Assurance vie : pourquoi le taux 2025 pourrait atteindre 2,7 % et surpasser le Livret A, selon les experts

Par La Rédaction - Mis à jour le

En 2025, les fonds en euros promettent un taux moyen de 2,65 % de l'assurance vie, surpassant le Livret A à 1,7 %. Les obligations d'État influencent ce regain.

Assurance vie : pourquoi le taux 2025 pourrait atteindre 2,7 % et surpasser le Livret A, selon les experts

Bonne nouvelle pour votre épargne : après des années hachées par l’inflation, la rémunération des contrats en Assurance vie repart à la hausse. Les signaux venus du marché obligataire et des assureurs laissent entrevoir un millésime plus généreux pour les fonds en euros. Aujourdhui, l’attente se cristallise sur les annonces de janvier. Les projections d’experts convergent et installent un espoir concret.

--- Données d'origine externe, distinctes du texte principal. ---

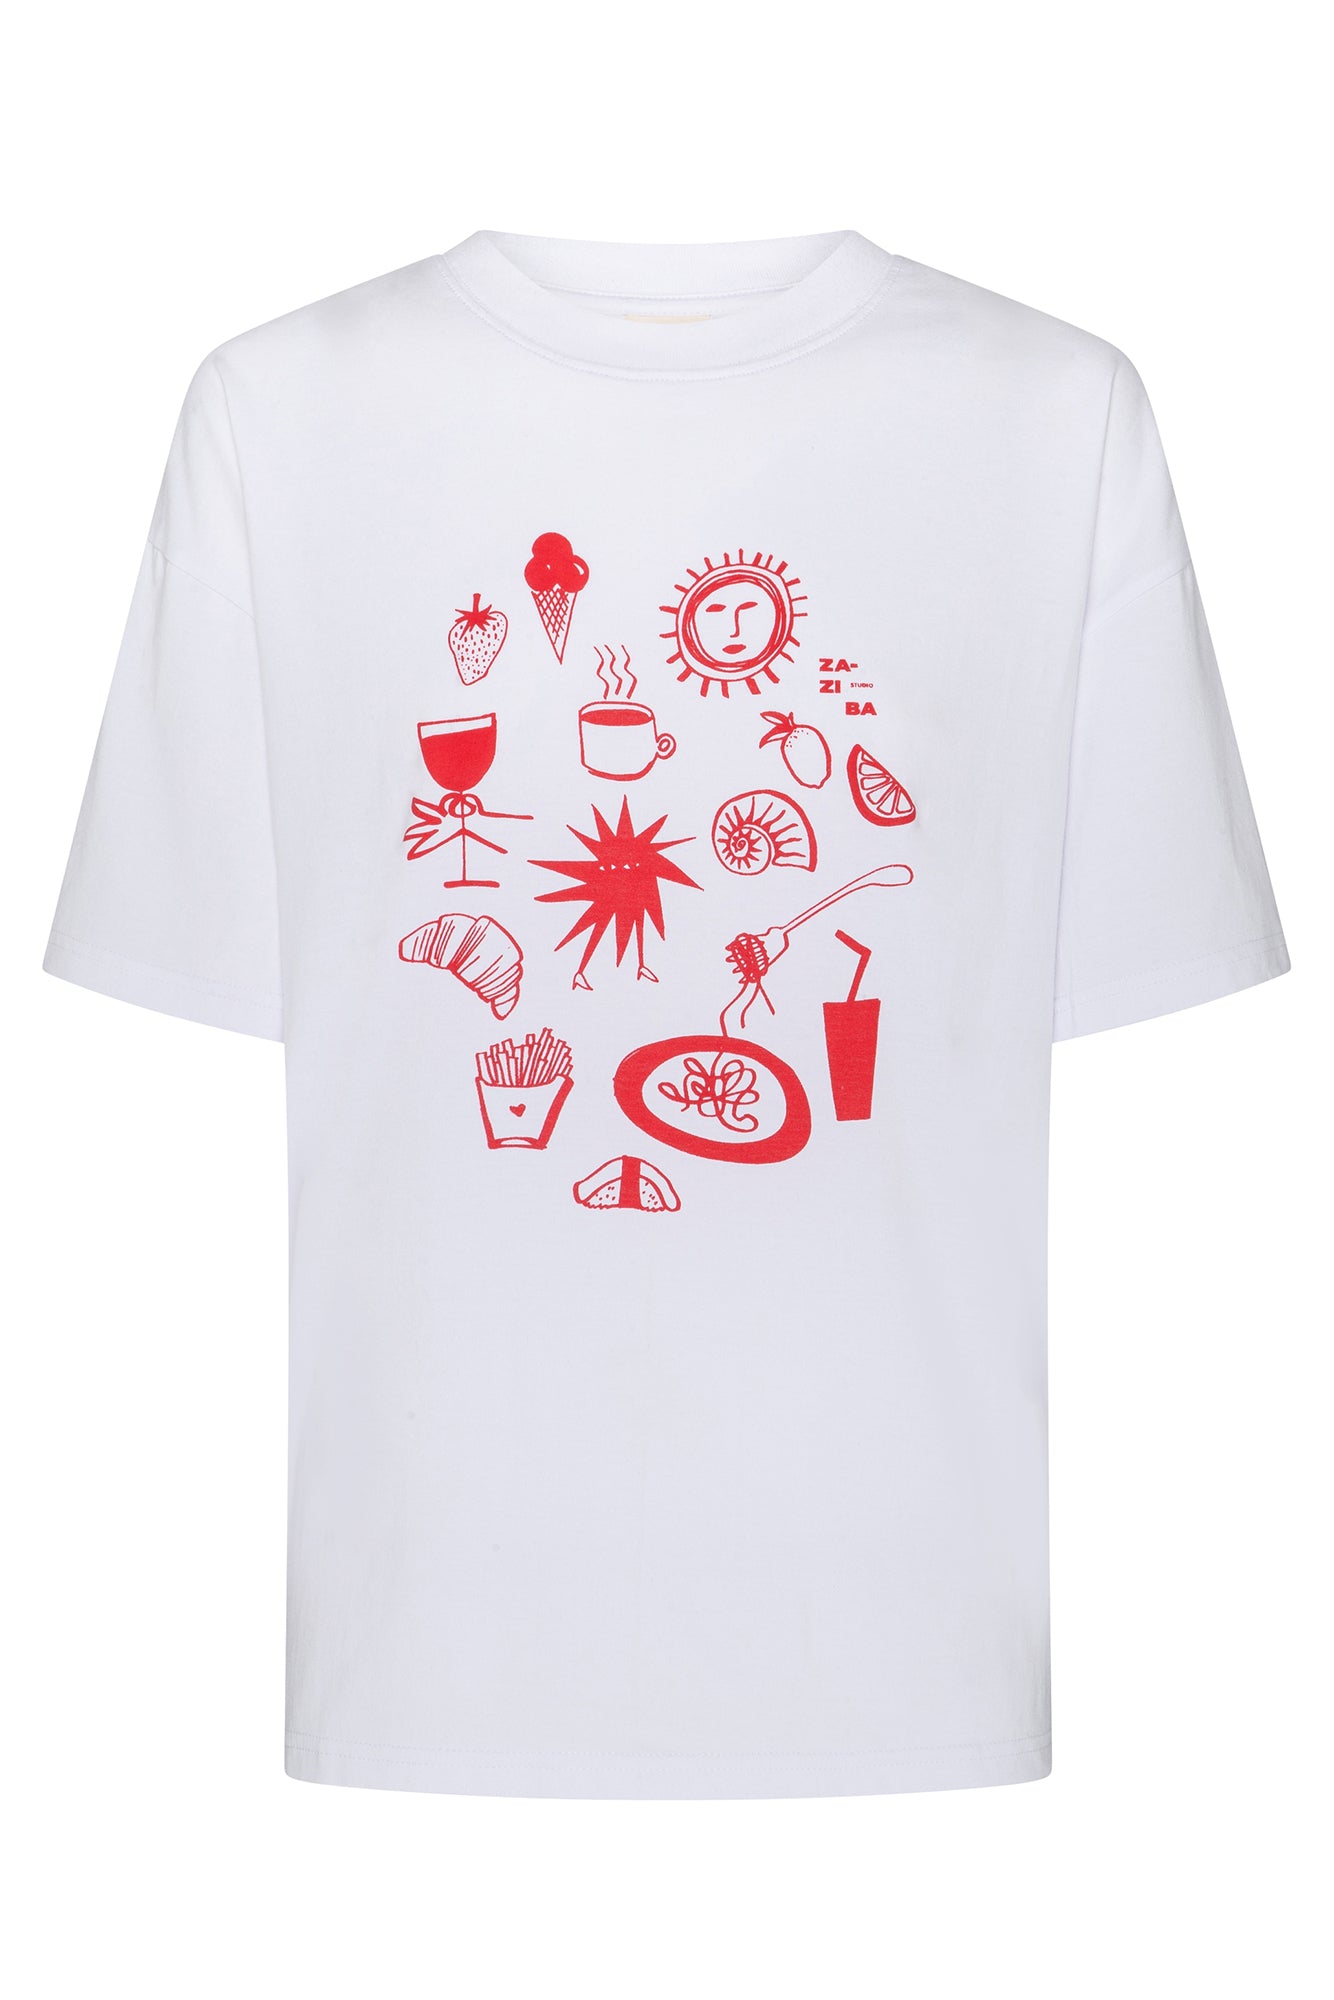 womens cotton white tshirt with red print

D’après les dernières estimations de Facts & Figures, le taux 2025 moyen servi sur les fonds en euros devrait se hisser autour de 2,65 % sur le marché, avec un scénario haut à 2,7 %. « nous anticipons un taux moyen autour de 2,65% en 2025, voire 2,7% dans le scénario le plus positif », a estimé Cyrille Chartier-Kastler, directeur du cabinet Facts & Figures, dans Capital. Après une moyenne de 2,6 % en 2024, la tendance s’affirme. Ces ordres de grandeur ne tombent pas du ciel : ils s’appuient sur des données consolidées d’assureurs et de marchés, et posent déjà la question du match avec le Livret A 1,7 %.

Les fonds en euros affichent un taux 2025 attendu autour de 2,65 %

Explication principale : la remontée des rendements des obligations d’État, auxquelles les fonds en euros sont très exposés, près des trois quarts de leur portefeuille, dont une part significative en OAT 10 ans (19,4 % en 2024). Quand la confiance envers la signature française se tend, les nouvelles obligations offrent davantage, ce qui diffuse peu à peu dans les portefeuilles des assureurs. « La situation politique et budgétaire de la France se dégrade, et elle risque encore de faire grimper le rendement des obligations françaises », a-t-il prédit. La transmission vers les taux servis prend du temps, mais le mouvement est enclenché.

Autre repère, la « performance réelle » des fonds en euros. En retirant l’inflation, les frais et les prélèvements sociaux, elle a enfin rebasculé dans le vert en 2024 à 0,19 %, selon Facts & Figures, après des années délicates, avec une performance réelle descendue à 3,60 % sous zéro en 2022 et 2,71 % sous zéro en 2023. Pour 2025, avec une inflation anticipée autour de 1,1 % et un taux moyen servi projeté à 2,65 %, le cabinet table sur un rendement réel proche de 1,1 %, un niveau plus vu depuis 2016. Entre 2013 et 2017, le rendement net dépassait déjà 1 %, à 1,28 % en 2016 et 1,86 % en 2015 ; depuis 2018, il s’était globalement inscrit en négatif.

Les assureurs arbitrent entre Livret A 1,7 % et la hausse des obligations

Dans ce contexte, la concurrence ne vient plus seulement des marchés financiers. Le Livret A 1,7 % depuis le 1er août a abaissé la barre à battre, mais les comptes à terme et les placements obligataires en direct attirent aussi. Pour rester attractifs, certains acteurs complètent la performance du portefeuille en puisant ponctuellement dans leurs réserves, notamment quand la collecte est stratégique. « les assureurs sont pris entre deux feux, entre la baisse du taux du Livret A et la hausse des rendements des obligations françaises, tout en devant toujours collecter massivement », a-t-il analysé. Difficile pour eux de laisser filer la collecte alors que les alternatives se multiplient.

Il faut dire que le stock d’obligations à faible coupon acheté dans les années 2010 continue de peser, tout comme les frais de gestion et les mises en réserve, des éléments qui ont comprimé les taux servis ces dernières années, selon le baromètre de Facts & Figures. Malgré tout, la base reste solide : environ 70 % des versements de l’assurance vie se dirigent vers les fonds en euros, sur un encours total de 2 052 milliards d’euros à fin juin 2025. Cela explique aussi des écarts de performance d’un contrat à l’autre. Les écarts reflètent des choix de gestion et le rythme d’intégration des nouvelles obligations, avec à la clef un 2025 qui s’annonce plus favorable pour l’épargnant.